The other thing that I can't get over is how brilliant and messy and human all the characters are. They're generous and selfish and silly and dumb and cowardly and brave... and then there's all the characters who aren't the main character... The tone of the world and the characters and how they move through the world they inhabit remind me of nothing so much as Kameron Hurley's work, especially her Bel Dame Apocrypha series. These are characters that you love, and also want to gently, lovingly bop on the side of the head, possibly with a frying pan.

Some stories are so frenetic that you end your reading panting, like you've just run a marathon. Some stories are languid, letting you take time to stretch out and really dive into the world and the characters. And some stories, like this one, maintain that interval-style pacing, where just when you think you can't go any faster, it stops for a moment to take a breath, let you get your legs, and then immediately takes off again. It's impressive and astounding and I want to read it again.
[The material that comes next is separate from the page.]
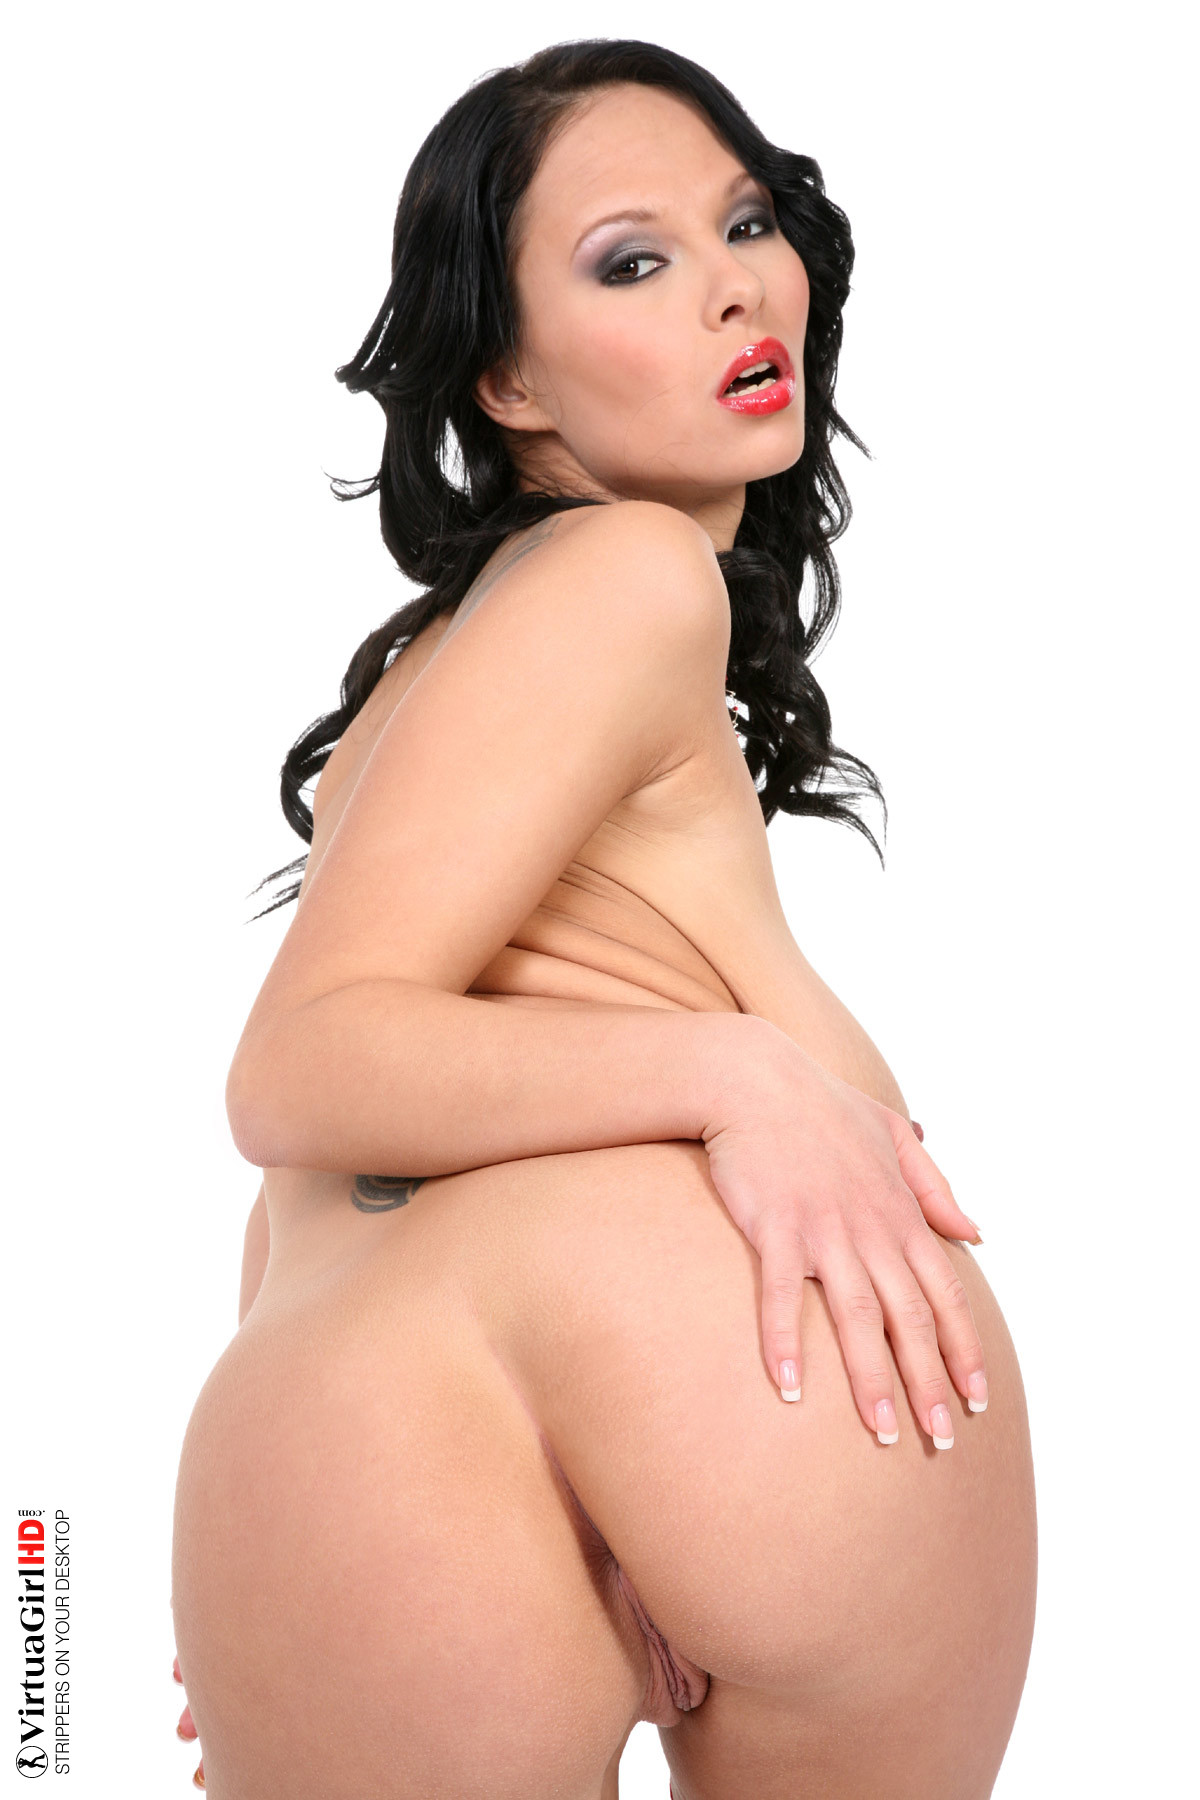 nude stripping girls

Like the very best Neal Stephenson works, City is by itself complete. There's no need for a sequel; everyone you know and have met is where they need to be, doing what they need to do, being exactly themselves, as they've showed you since the beginning of the book. But also like the best of Stephenson, City doesn't end with a neat denouement. Instead, it leaves that as an exercise for the reader; it recognizes that sometimes, the story is best served by stopping. It's tricky to get right, but Anders sticks the landing with aplomb.

There is a lot of great SF and Fantasy being written right now; nevermind the "golden age", the authors of today are a crowded field of brilliant works that blow previous generations away with their craft, their insight, and their brilliance. But it would not surprise me if in 10 years City has become a favourite read/reread for not just me, but for many SF fans.

I encourage you to pick it up and see for yourself.